Four starts in, Gray has shown real improvement from 2022. He served up back-to-back homers to the first two batters he faced way back on April 1, but only two more in 21 innings since. He owns a 3.74 ERA. But he does not own a win, because his teammates have supplied him with zero run support.
Flash back to the ninth inning of that April 1 game against the Braves, when Ruiz launched a ball into the third deck down the right field line at Nationals Park, the seat it struck having since been painted red to denote the feat. That’s still the only run the Nats have scored in a game started by Gray this season, and it came when they were down 7-0 in the bottom of the ninth, the right-hander having long since departed.
"He's been really good," Martinez said. "He understands that he's giving us an opportunity to win some ballgames, and he's keeping us right there. I told him: 'Hang in there. We'll score some runs for you.' But he's pitching really well."
Their best chance tonight came in the bottom of the third, but they turned it into a calamity of bad fundamental baseball. CJ Abrams drew a leadoff walk to set the stage, then got a huge jump on Kremer and had second base stolen with ease … except for the fact Victor Robles fouled off a bunt attempt on the pitch, sending Abrams back to first.
"Vic should've pulled back (the bunt attempt)," Martinez said. "And then he tried to bunt again, and we got to 3-2. At that moment, it was kind of more a free hit-and-run with CJ able to run right there."

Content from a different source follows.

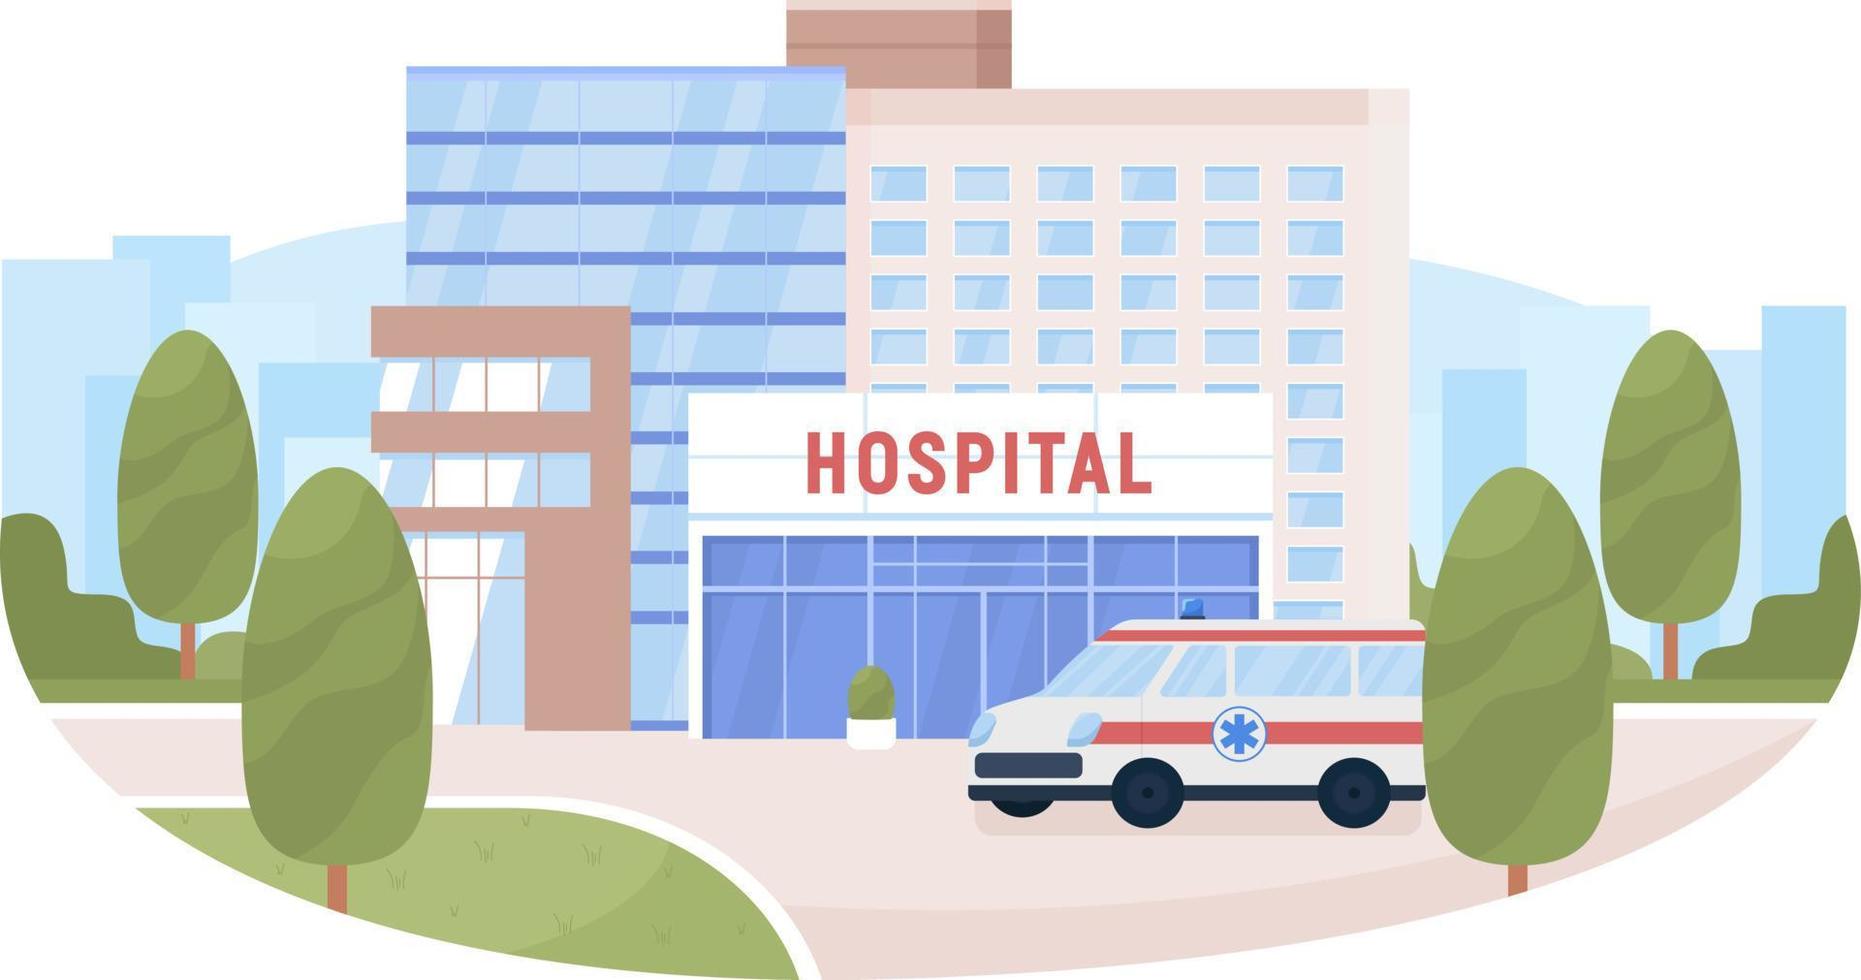 Hospital building and ambulance 2D vector isolated illustration

Kremer would proceed to make two pickoff attempts later in the at-bat, which should’ve given Abrams free reign to get another huge jump. The young shortstop, though, couldn’t pull the trigger for some reason. No worries, because Baltimore third baseman Gunnar Henderson gift-wrapped a golden scoring opportunity to the Nationals when he threw wild to first on Robles’ grounder, putting runners on second and third with nobody out.

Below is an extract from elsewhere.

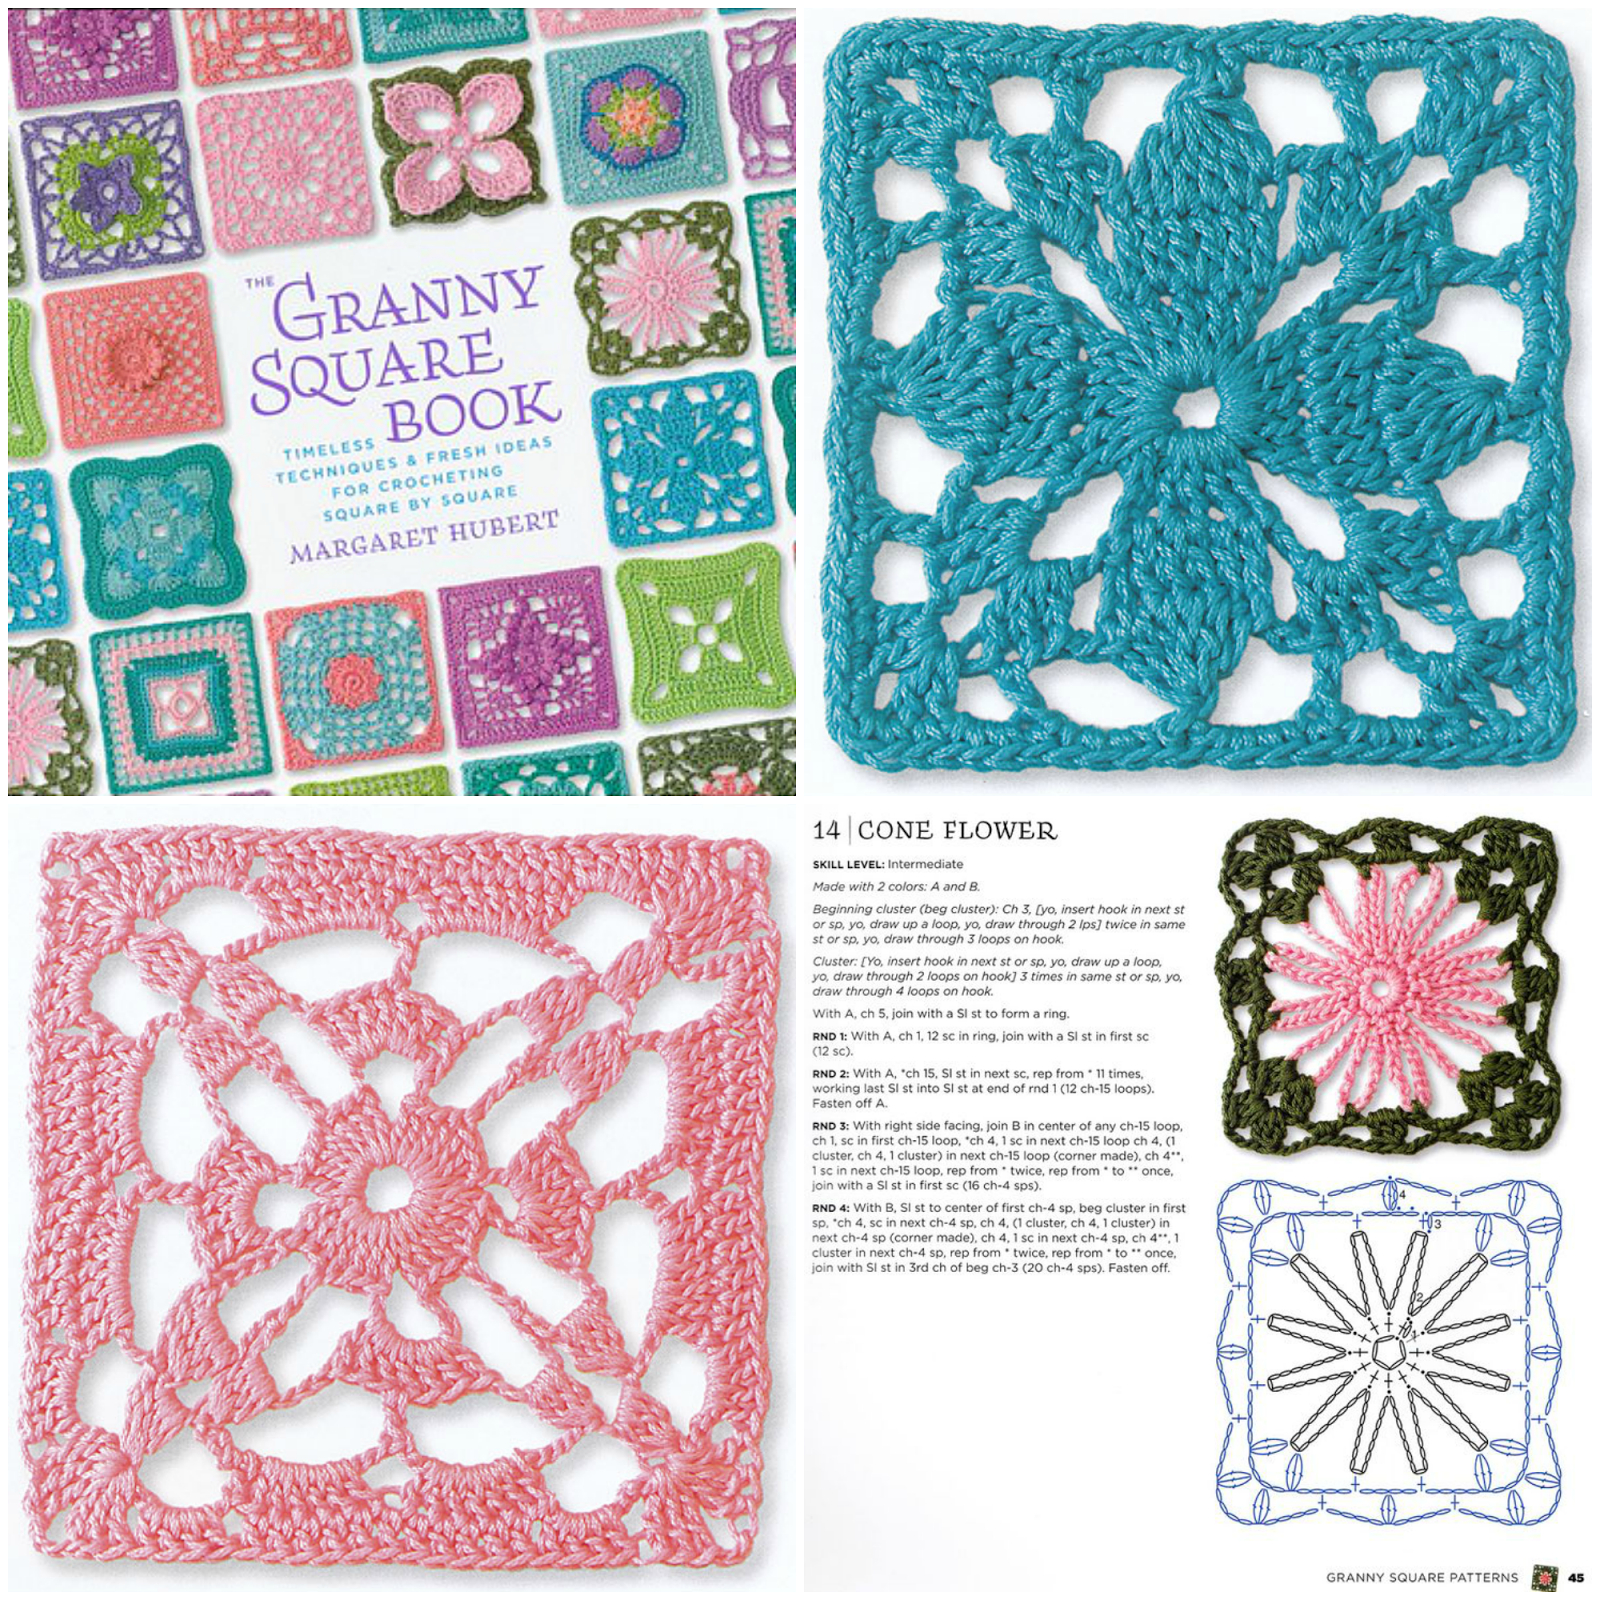 Crochet Squares Patterns My Rose Valley Lacy Crochet Squares

What happened? Three straight strikeouts from Lane Thomas, Smith and Joey Meneses, the first two in a particularly egregious manner, to kill the only rally the Nats came close to mounting tonight.
"You've just got to do what you can to try to get the job done," said Smith, who went 1-for-4 with two strikeouts. "We haven't been able to do it as often as we'd like. We've just got to keep working, keep battling and keep grinding, and the ball will bounce our way."